EL PAíS • SUBNOTA
› Por Mario Wainfeld
Hace cuestión de un semestre cundía la alarma republicana tras la creación del Instituto Dorrego. Avizoraban amenazas tremendas: unicato, enseñanza obligatoria de ciertos textos, persecución a los no revisionistas y anche a algunos revisionistas. El escándalo se evaporó en el aire. Ninguna de las agorerías se plasmó, la libertad de expresión y de cátedra se sostienen, en términos aceptables.
Cuando comenzó este año, aniversario de la guerra de Malvinas, también sonaron alertas opositoras. Pronosticaban la exacerbación de narrativas patrioteras y chauvinistas, quién sabe hasta belicistas. Y se preocupaban porque “la gesta de Malvinas” podía funcionar como una cortina de humo que ocultara todas las cuitas y debates de una sociedad diversa y compleja.

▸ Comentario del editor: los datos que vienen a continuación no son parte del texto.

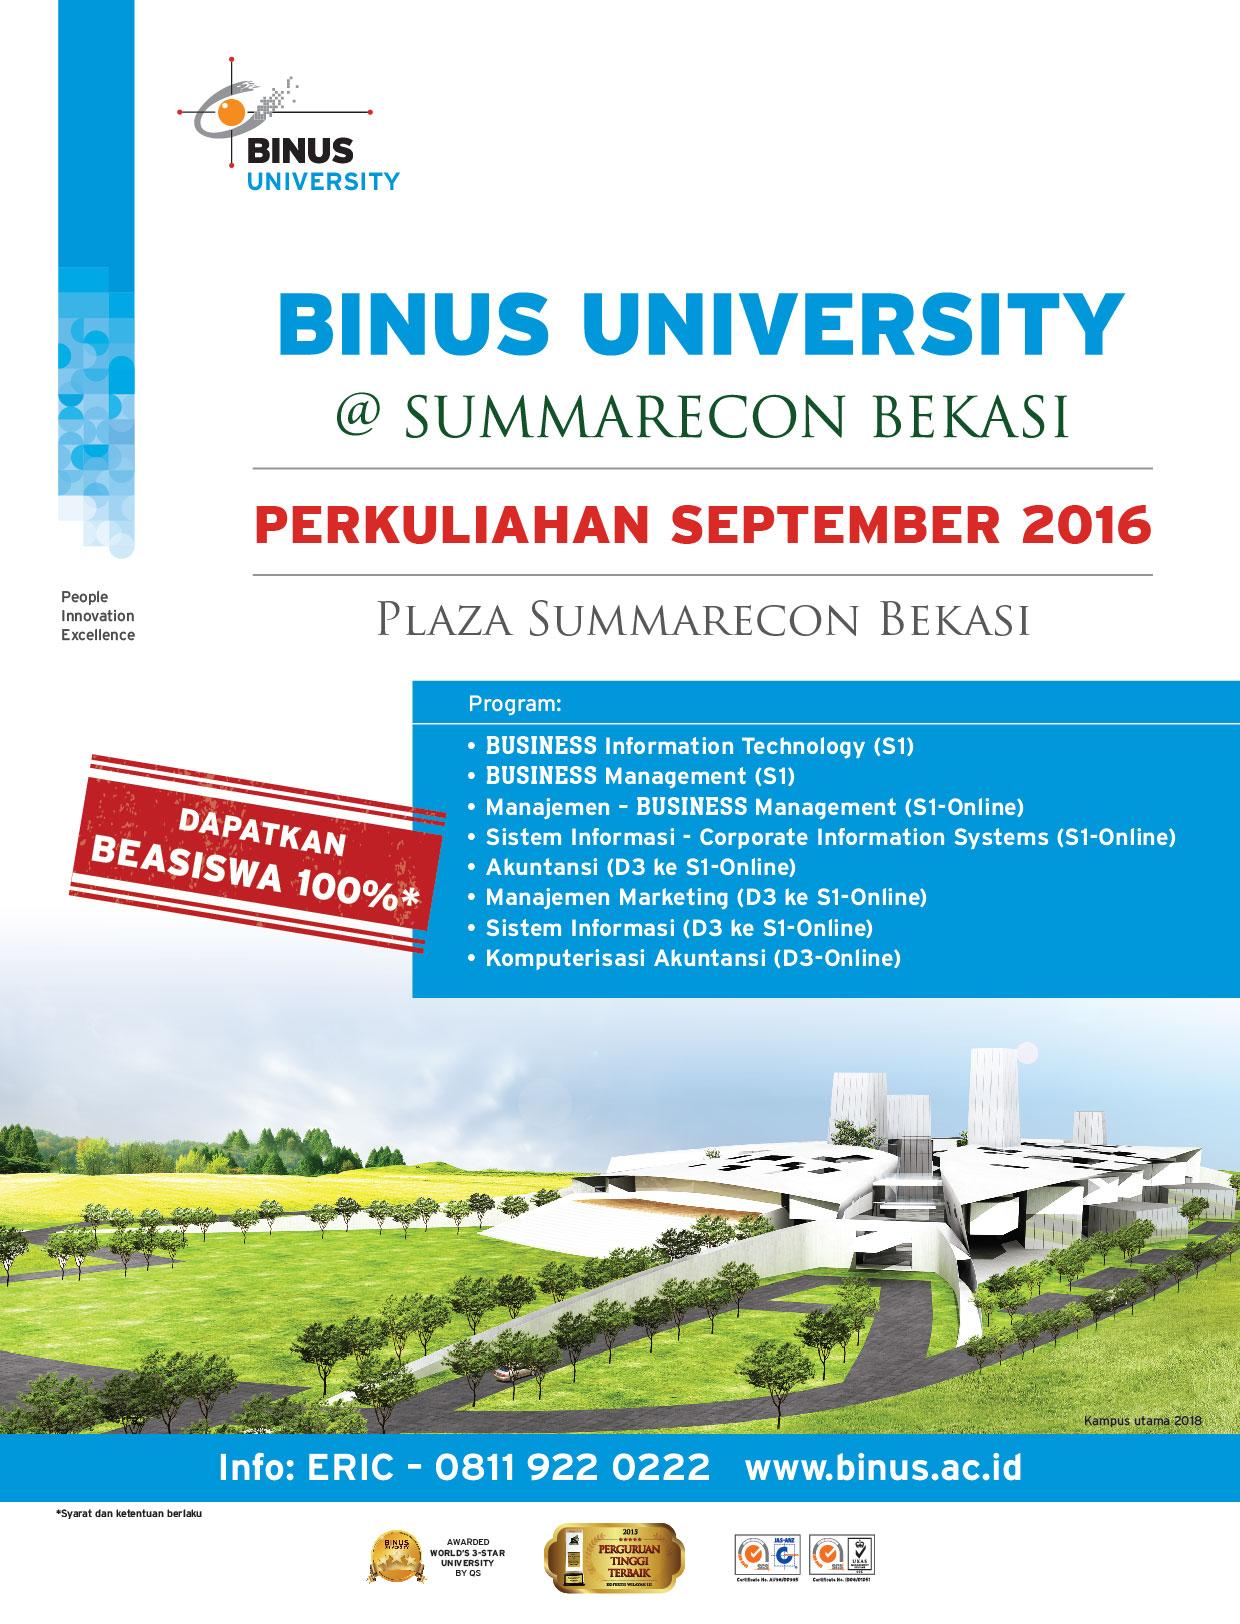 BINUS UNIVERSITY Hadir di Summarecon Bekasi

La presentación de la presidenta Cristina Fernández de Kirchner ante el Comité de Descolonización de la ONU es discutible, como casi todo. Pero, salvo las autoridades británicas, nadie lo tildó de violento o nacionalista con zeta. La intervención fue pensada en toda su extensión, que abarcó a un malvinense crítico y la alusión de un non paper desclasificado que comprueba tratativas entre el presidente Juan Domingo Perón y las autoridades inglesas, allá por 1974.
La compañía de un vasto abanico de legisladores de la oposición (casi todo el arco político con representación parlamentaria a nivel nacional) y la sumatoria de nuevas adhesiones redondearon un discurso sólido, sugestivo e institucional.
Ya llegado el invierno, superados los aniversarios del desembarco y la rendición, la malvinización no se fue de madre. El aniversario avivó polémicas, se aportó material histórico (como el ya citado y el informe Rattenbach), se puso la lupa sobre violaciones de derechos humanos contra argentinos cometidos por oficiales de sus Fuerzas Armadas. Se escribió mucho, se discutió bastante, se dinamizó la acción diplomática. La Argentina no se apartó de la línea pacífica que llevan sus surtidos gobiernos desde 1983. Así como la salud no es apenas la ausencia de enfermedad, el pacifismo criollo ha sido más que no guerrear: fue activo y enérgico. En superar los conflictos limítrofes con países hermanos (aun con el lunar que fue el entredicho con Uruguay por la pastera). En intervenir decisivamente para sostener la gobernabilidad en países del vecindario, desmontar aprestos bélicos, mostrar unidad con la Unasur contra intentos de golpes de Estado.
Ni delirios belicistas, ni cortinas de humo. Bien mirado, este año ha desbordado intensidad (de Repsol a Daniel Reposo, de la reforma al Banco Central al lockout del “campo”, de la interna de la CGT al Pro.Cre.Ar). Ninguna sorpresa hubo, salvo para los apocalípticos. Imposible detener la dinámica de un sistema político vivaz y de una sociedad democrática. Y mucho menos, ocultarla con cortinas de humo.